There is an estimated 6,000 artworks held in ZSL’s Library and at Whipsnade. Every month one of these pieces will feature here as Artefact of the month.

Brian Houghton Hodgson’s Painting of the Tibetan Antelope, or Chiru, c 1840.

Tibetan Antelope

This fine painting of the Tibetan Antelope, Pantholops hodgsonii, was ‘discovered’ while carrying out a survey of the art collection in the Library.

In watercolour and gouache, it measures 83.5 x 63.5 cm and has a distinctive black border. Brian Houghton Hodgson commissioned it while he was working in Nepal - probably with the intention of having it framed and put on the wall.
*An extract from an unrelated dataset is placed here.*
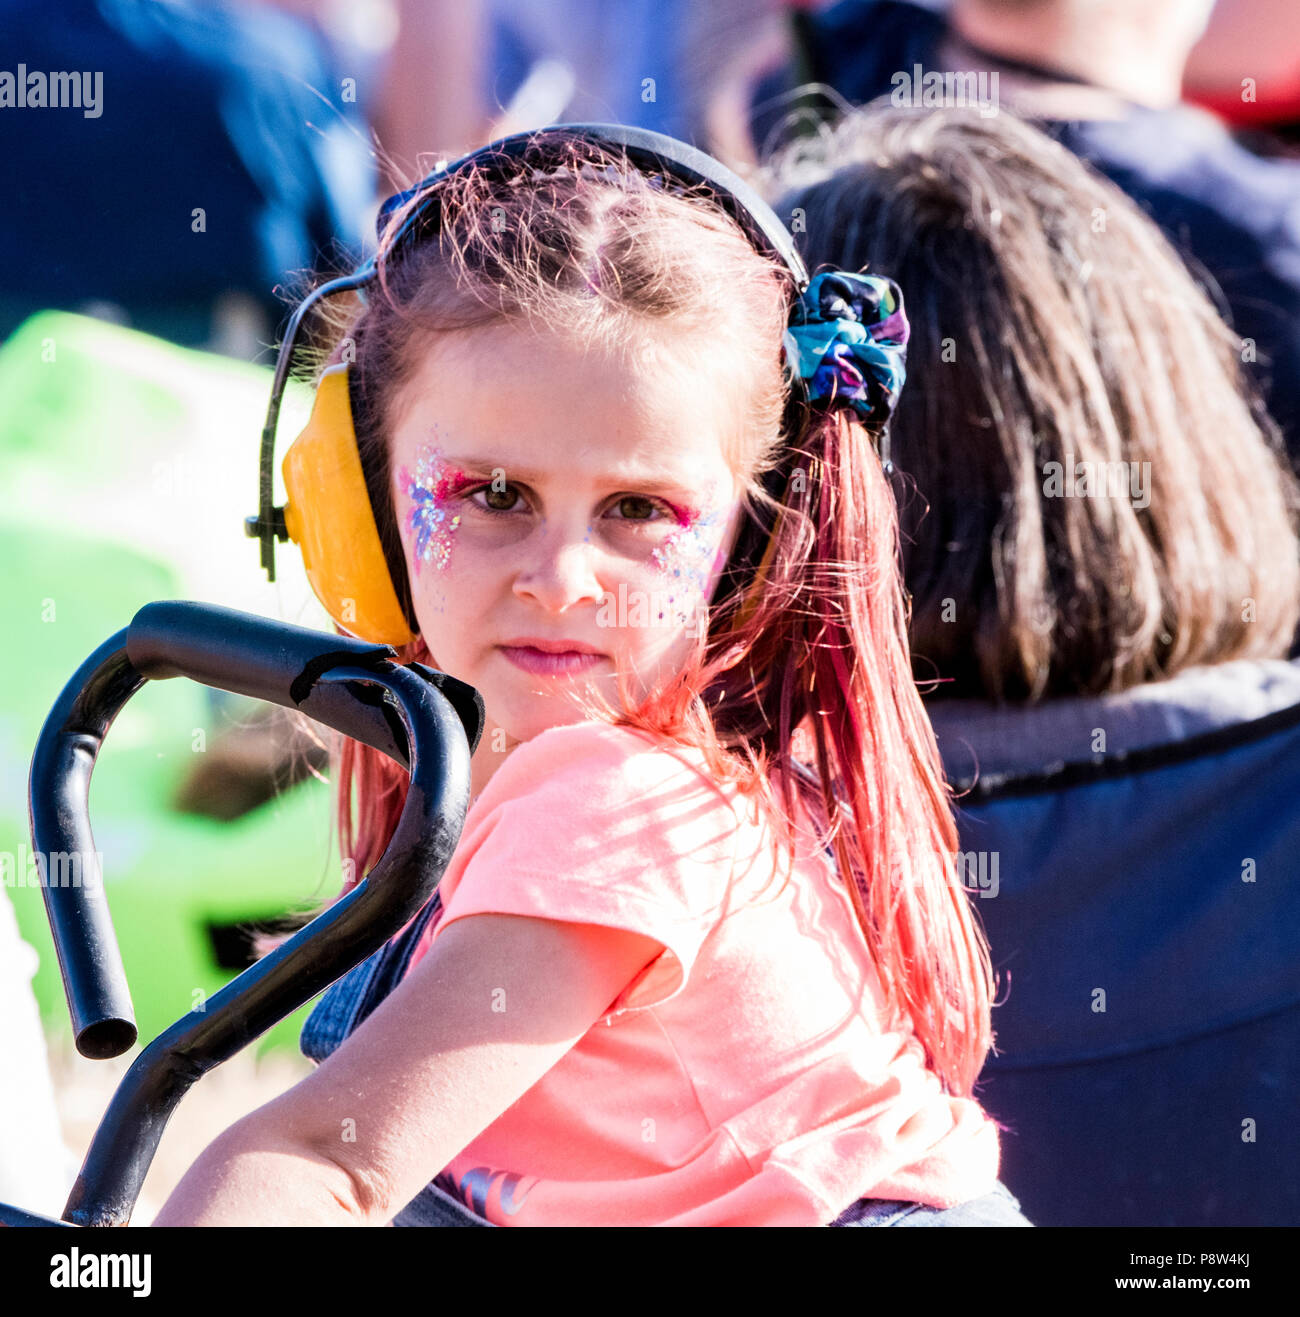 Portrait of young girl with painted face, wearing ear defenders, enjoying the atmosphere at the Obelisk Stage at Latitude Festival, Henham Park, Suffolk, England, 13 July 2018. Stock Photo

It is unsigned and the identity of the artist is unknown but Hodgson is known to have employed several talented Nepalese artists. We do not know if the artist drew from the living animal or from specimens or a combination of both, or was guided by Hodgson’s zoological knowledge.

It probably dates from around 1840 and it is one of the earliest paintings of the Tibetan Antelope.

The Tibetan Antelope was recently in the news again as it is one of the five mascots chosen by China for the Olympic Games to be held in Beijing in 2008 and this publicity may help the species’ survival.

It lives only in Tibet and parts of India where its numbers are seriously threatened by poaching for its undercoat which is used to make luxury woollen shawls known as shatoosh.